DATA EXCERPT:
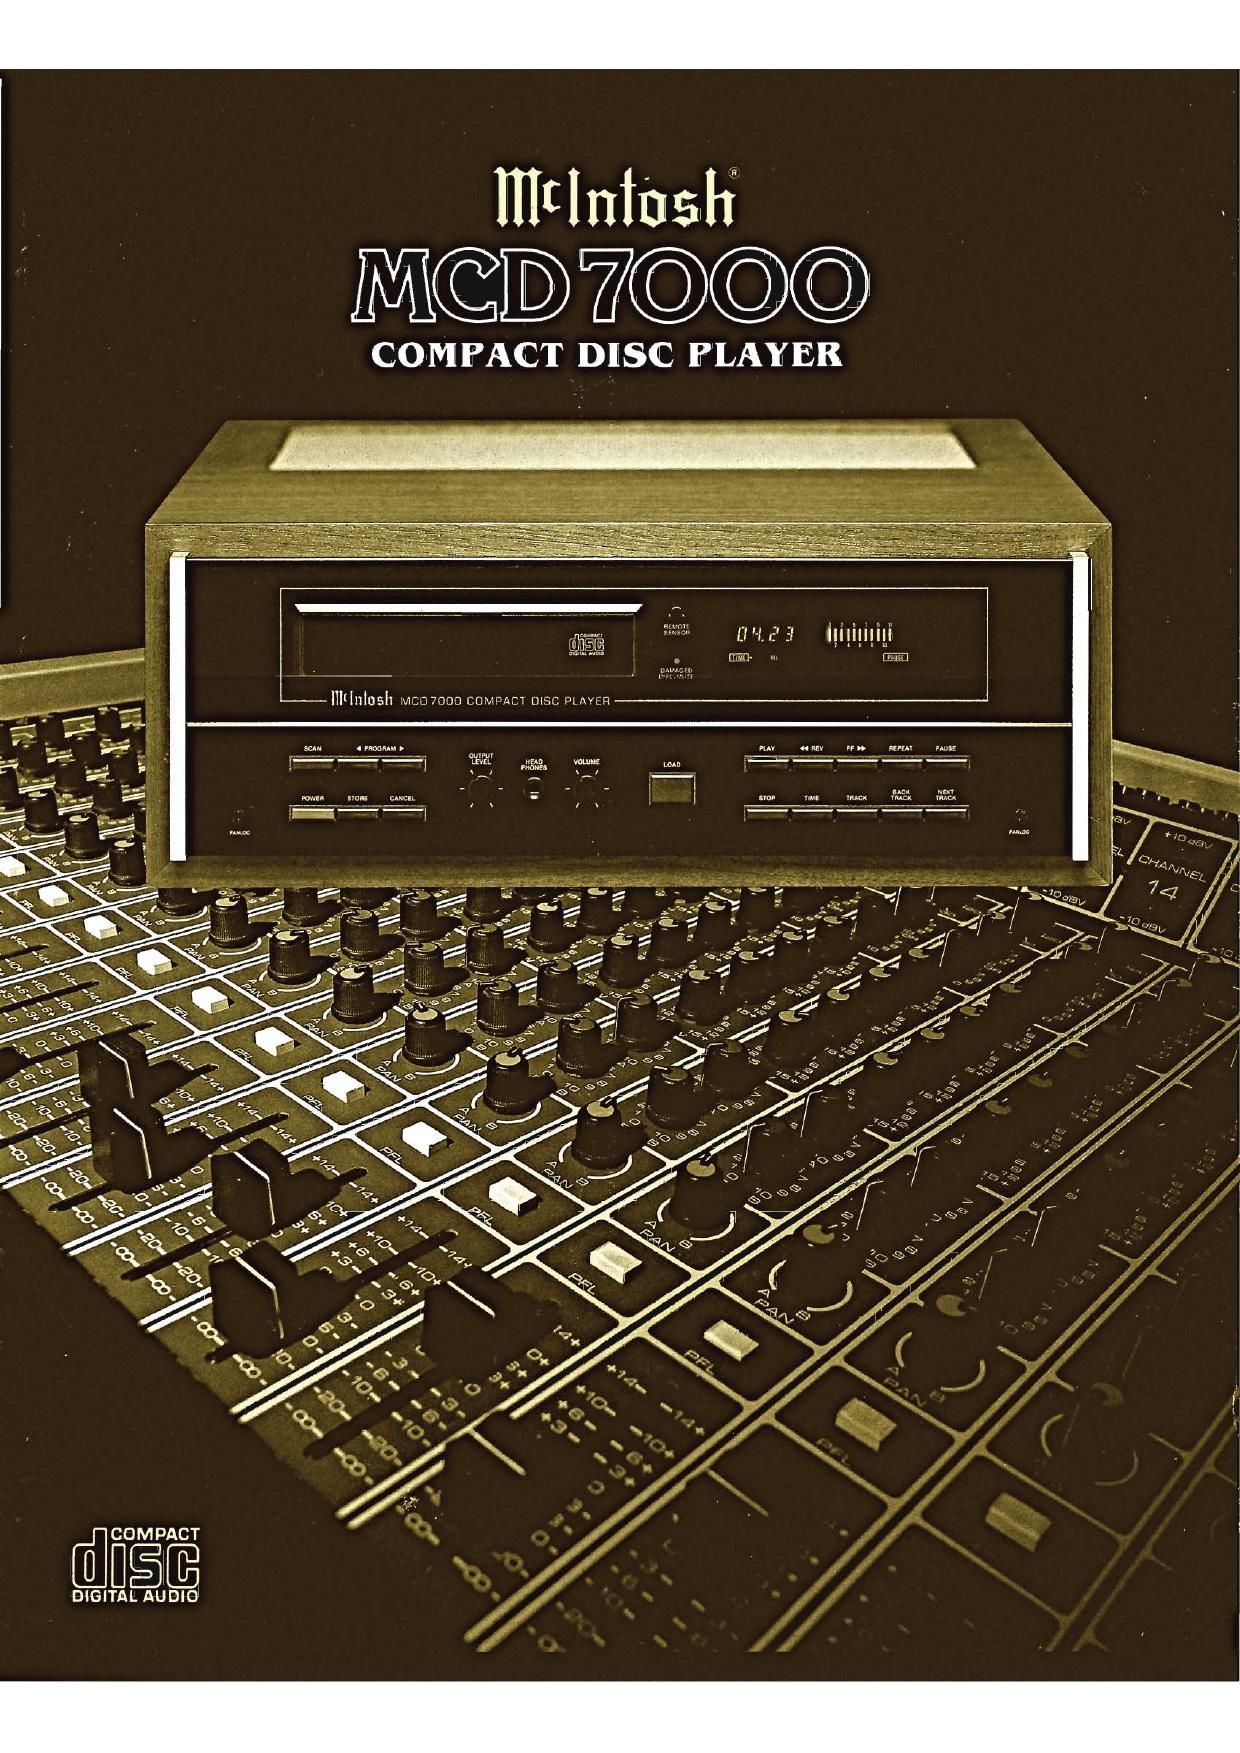 McIntosh MCD 7000 Brochure
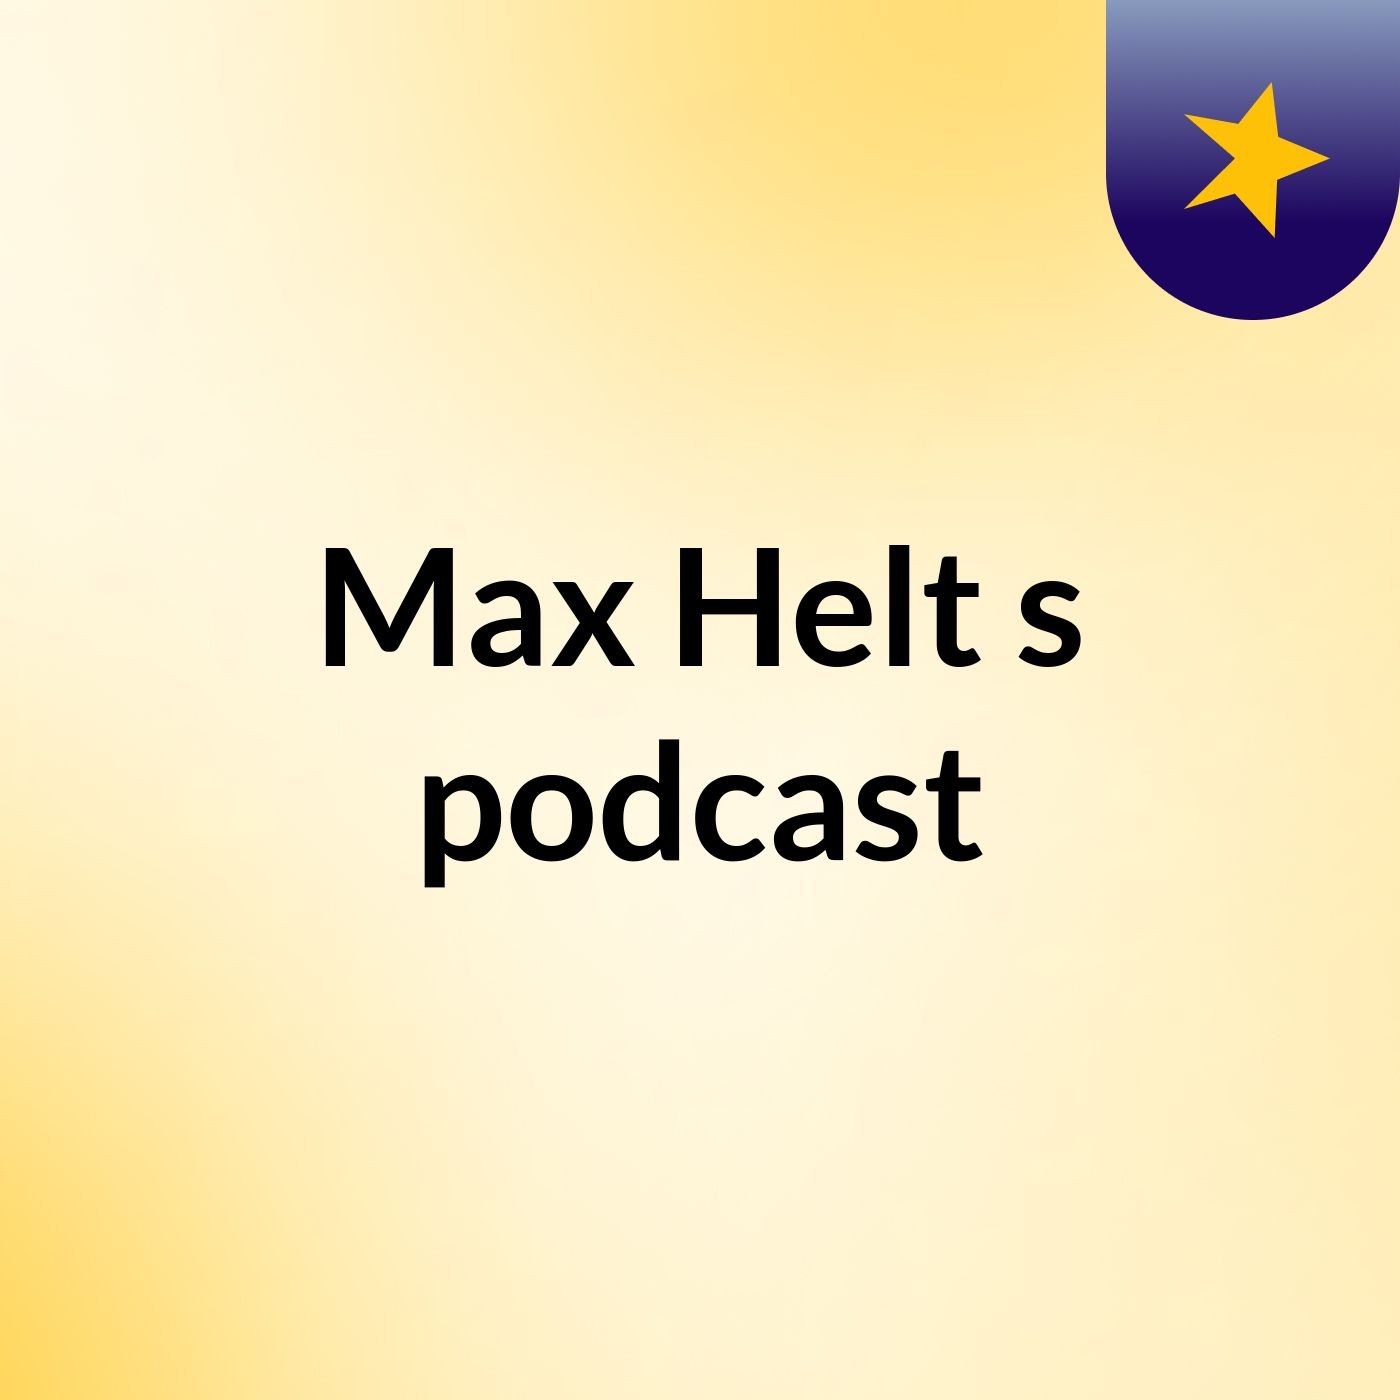 Max Helt's podcast
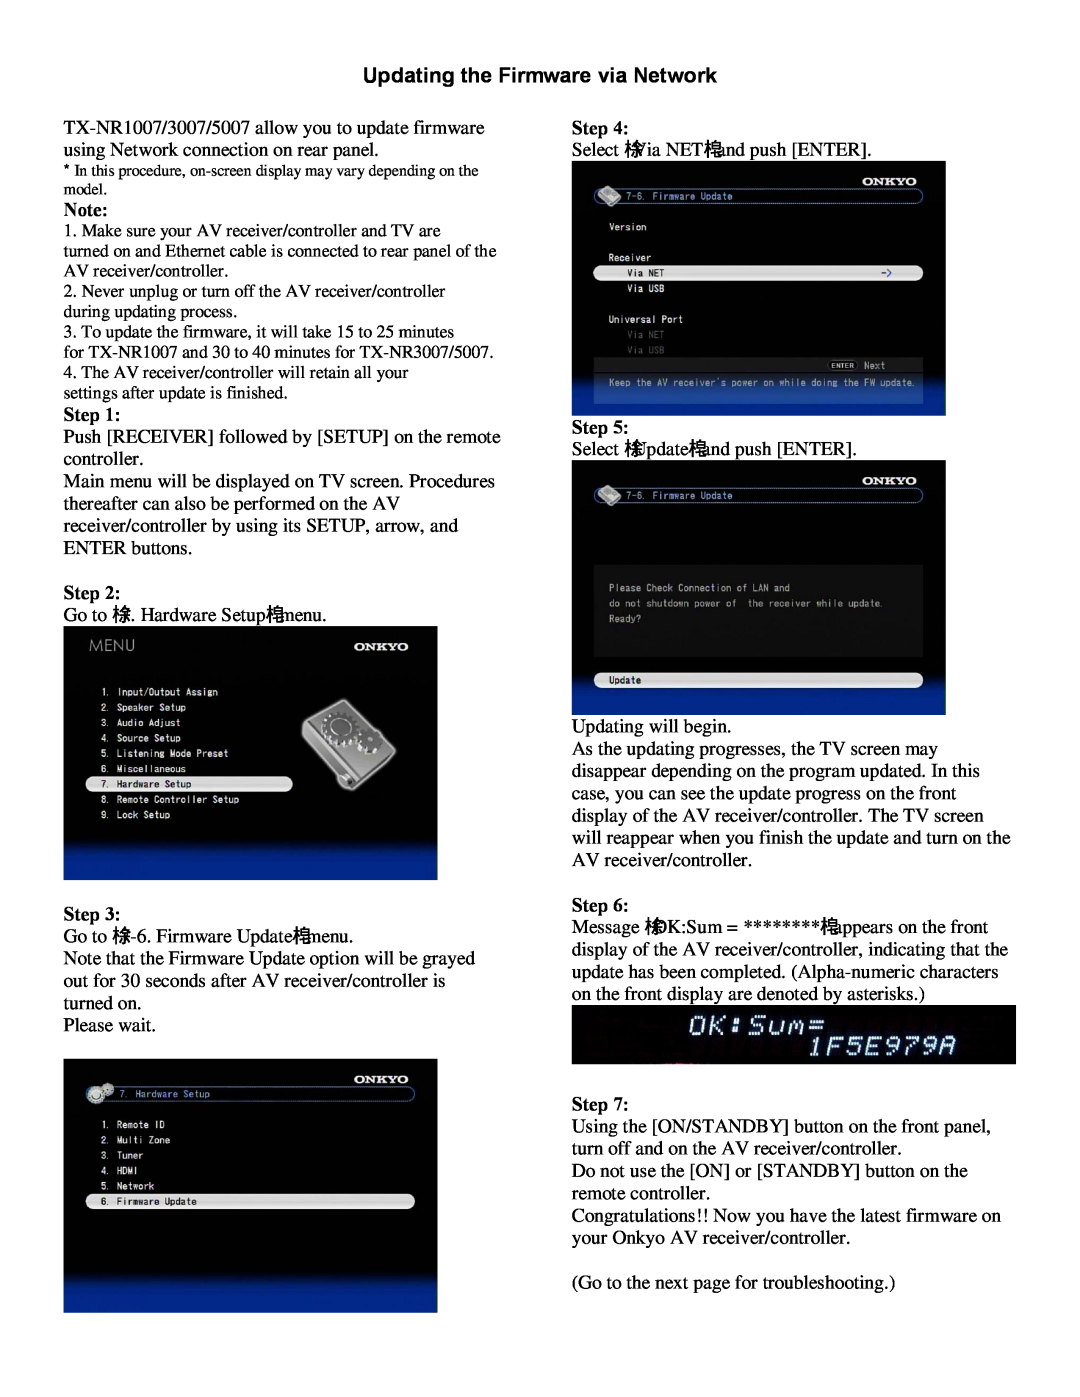 Onkyo TXNR1007, PR-SC5507, TXNR3007 manual Updating the Firmware via Network 
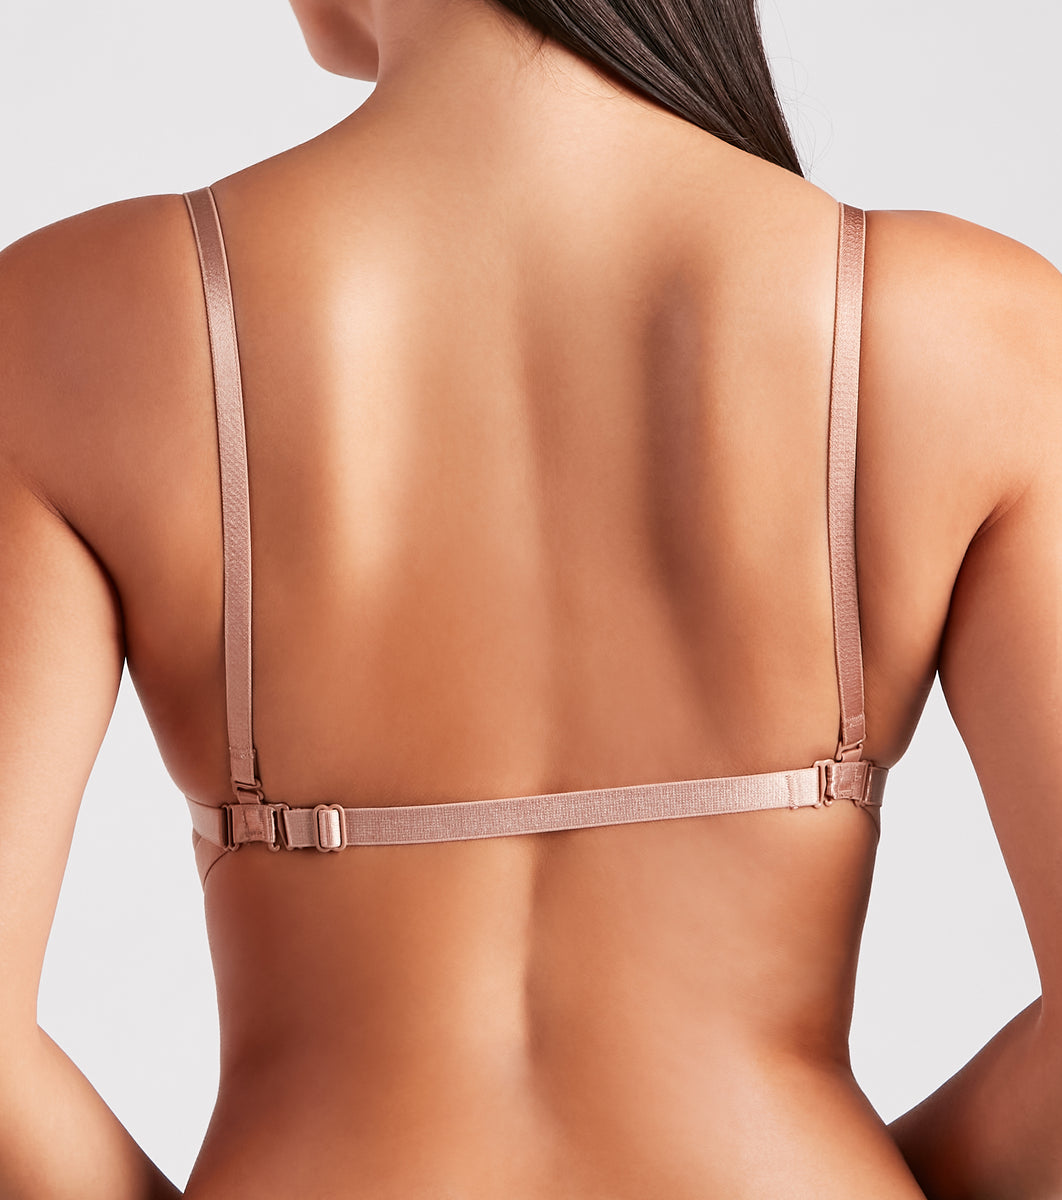 Women Cotton/Hosiery Non-Padded lower Back/Backless bra Single-Hook ,Low  Coverage,V-shap bra for women(Pack of 2)

WHAT YOU HAVE TO DO: Your answer should be the lines from the line containing "Max Helt's podcast" through the end of the listing above, output exactly and alone, without the pictures.

EXERCISE RESULT:
 Max Helt's podcast
 Onkyo TXNR1007, PR-SC5507, TXNR3007 manual Updating the Firmware via Network 
 Women Cotton/Hosiery Non-Padded lower Back/Backless bra Single-Hook ,Low  Coverage,V-shap bra for women(Pack of 2)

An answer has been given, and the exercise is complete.